Add benchmarks #16723

rth · 2020-03-19T13:45:53Z

We should add a folder with airspeed velocity (ASV) benchmarks inside scikit-learn.

ASV benchmarks done by @jeremiedbb exist in https://github.com/jeremiedbb/scikit-learn_benchmarks but they currently don't get enough exposure (i.e. contributors are not aware about them). I think we should include them e.g. under asv_bench/ folder and remove redundant scripts from benchmarks/ folder.

I just made a PR to pandas, and it's nice when reviewers can ask to add an ASV benchmark for a PR claiming to improve performance. For this to work they need to be inside the scikit-learn repo.
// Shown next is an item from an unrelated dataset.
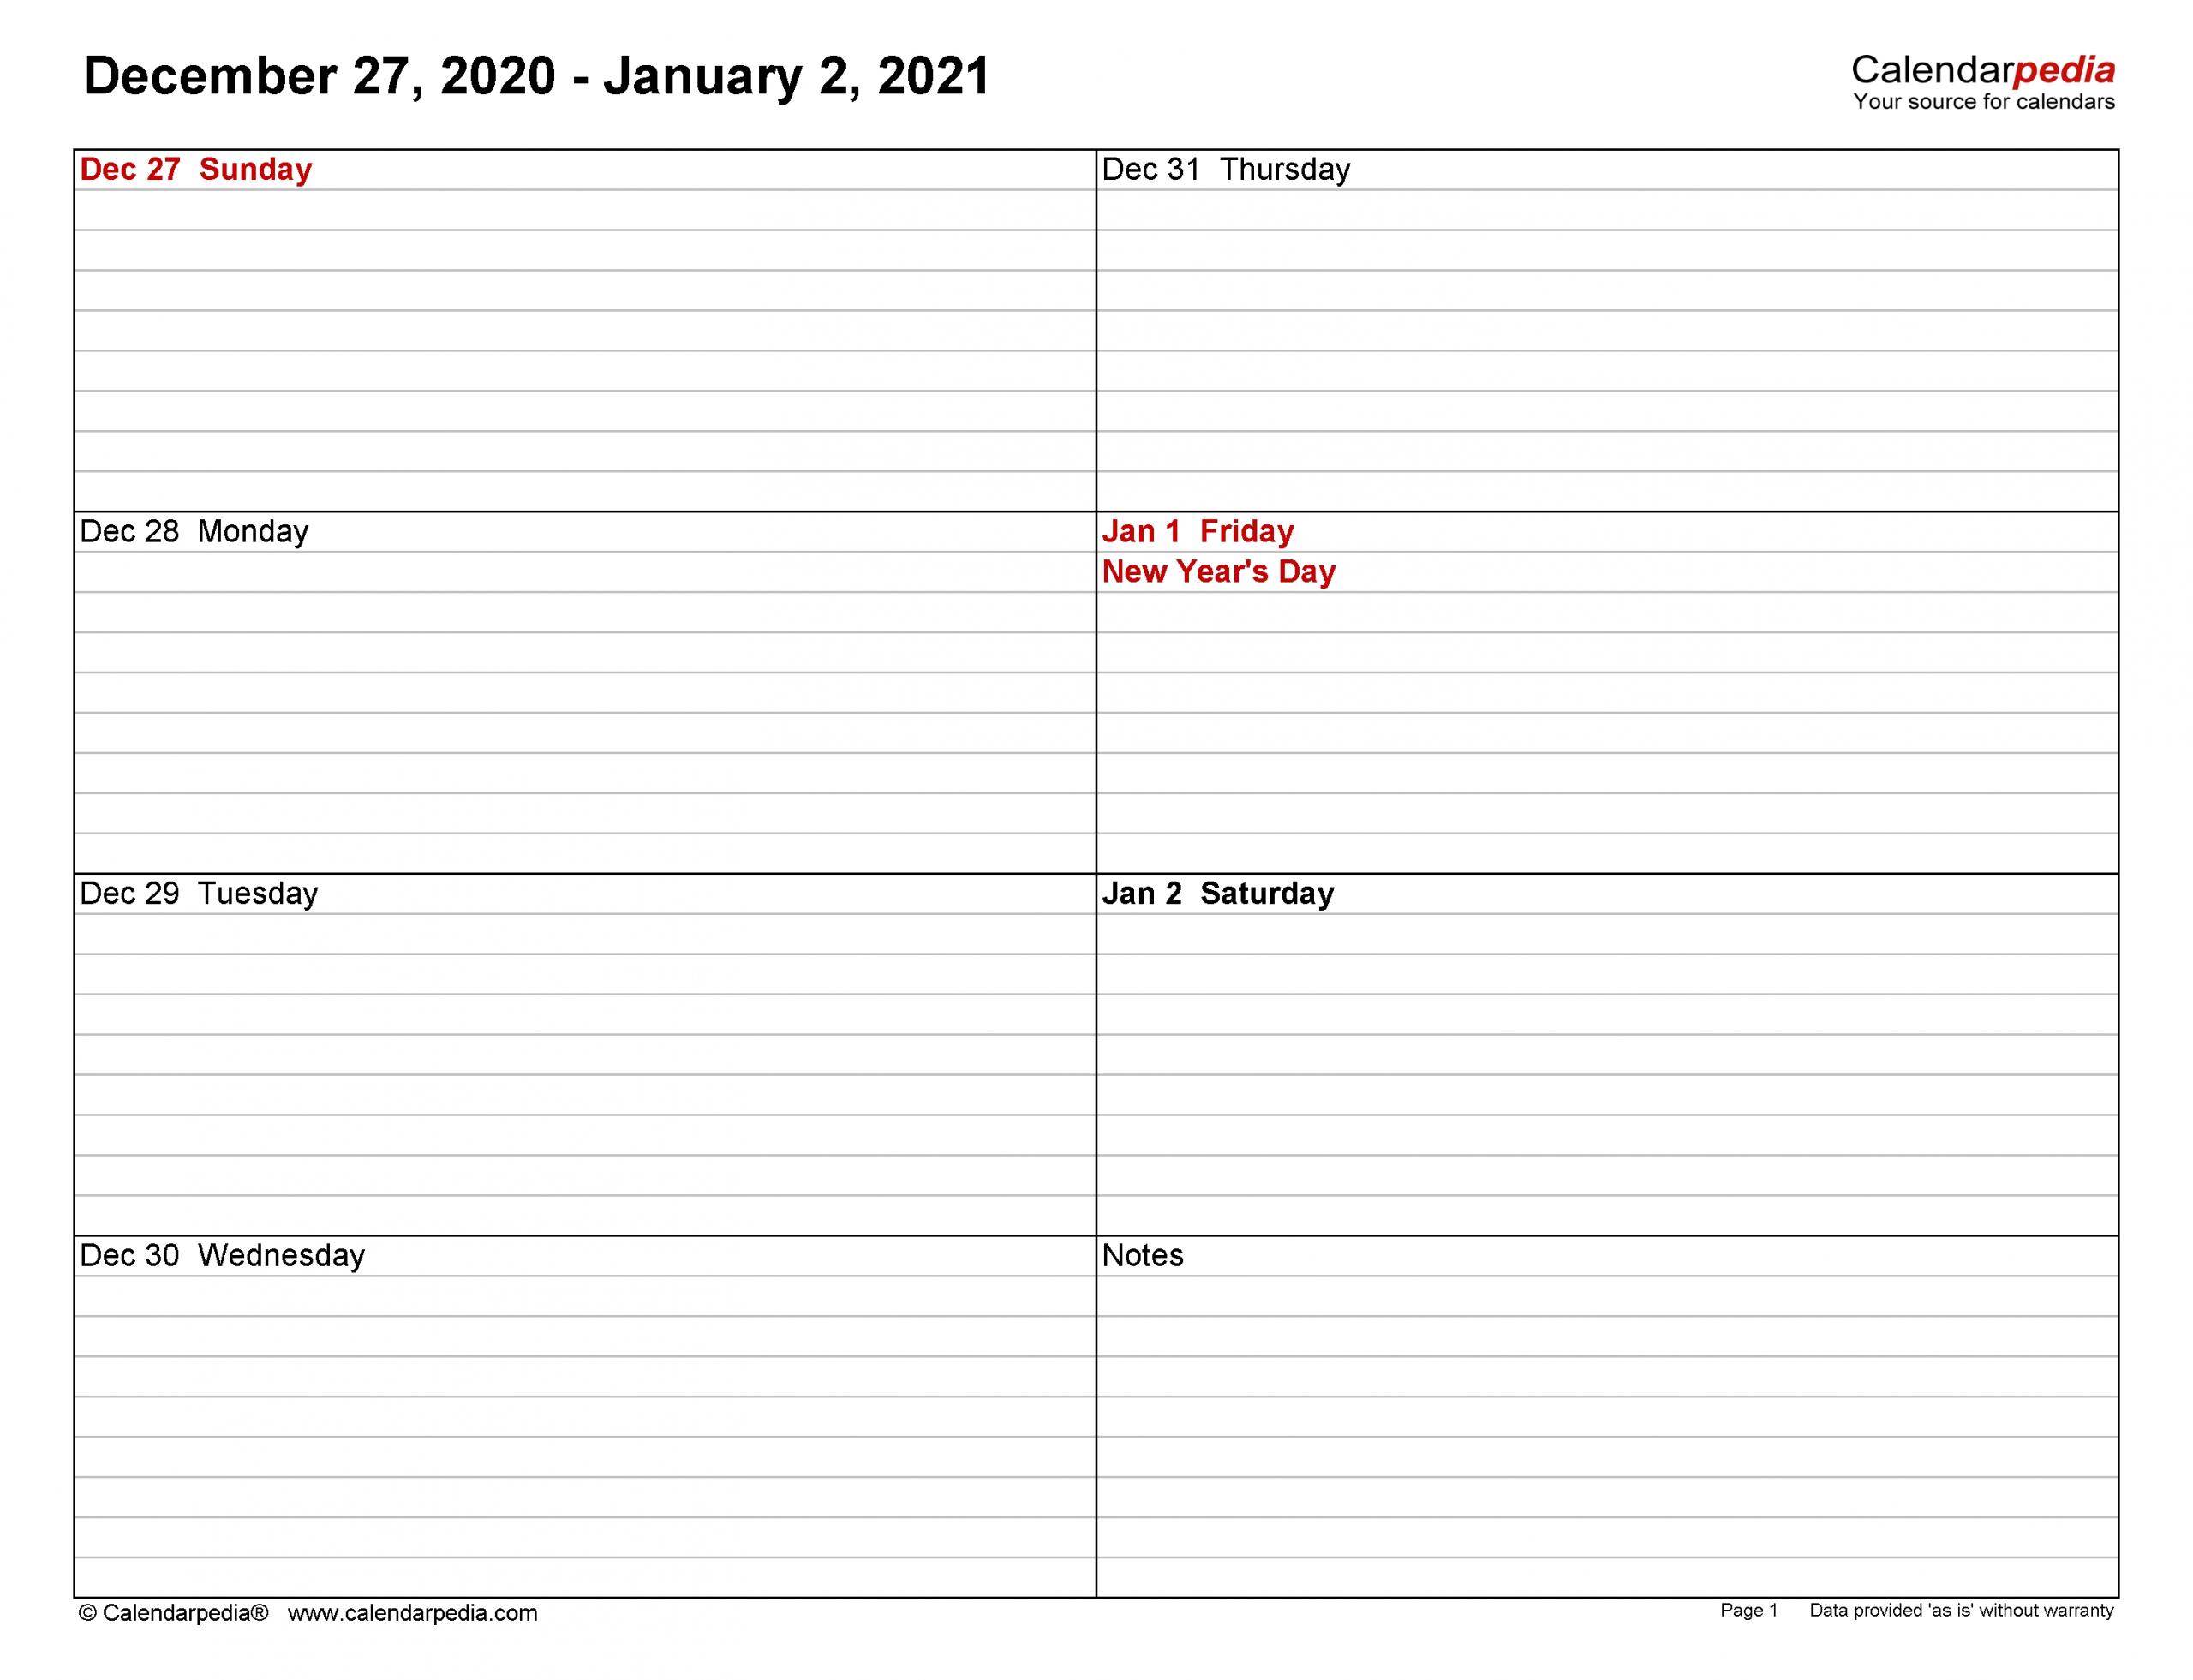 Free 5x8 Weekly Planner Printables In 2021 Free Printable Weekly Calendar Weekly Calendar Printable Calendar Printables

Whether we run them somewhere and where is a secondary concern IMO.

For the docs we can "steal" part of the section from the pandas dev guide https://pandas.pydata.org/docs/development/contributing.html#running-the-performance-test-suite

The text was updated successfully, but these errors were encountered:

smarie · 2020-04-07T12:04:05Z

(Copied from #16864 as requested)

Following PR #13511 it appears that there is not reference benchmark for SVMs in scikit-learn or in any side-project (sklearn-contrib).

This seems quite risky on the long run, maybe we should create one - especially to quantify the impact of changes to C code such as in PR #13511 .

I have been working quite a bit on this topic of creating reference benchmarks in the past years, leading to the creation of tools in the pytest ecosystem: pytest-cases and pytest-harvest, with a beginning of tutorial here (outdated concerning cases_fixtures usage, but still shows how to compare results of various regressors on a set of 6 datasets). I can therefore certainly try to help with a benchmark framework structure if you find such an idea interesting.

However I do not know a good set of reference datasets to start with (apart from creating challenging ones "by hand").

smarie · 2020-04-07T12:07:11Z

Note: this ticket should probably be renamed into "adding benchmarks to scikit learn", to address the whole picture.

In particular I see at least two kind of benchmarks:

applicative = performance in terms of accuracy on challenging datasets.
speed = pure speed performance, to work on code optimizations

Of course both kinds should/could be run on single models or multiple models. For example classification problems can be tackled by many models in scikit learn. They would end up in the same benchmark.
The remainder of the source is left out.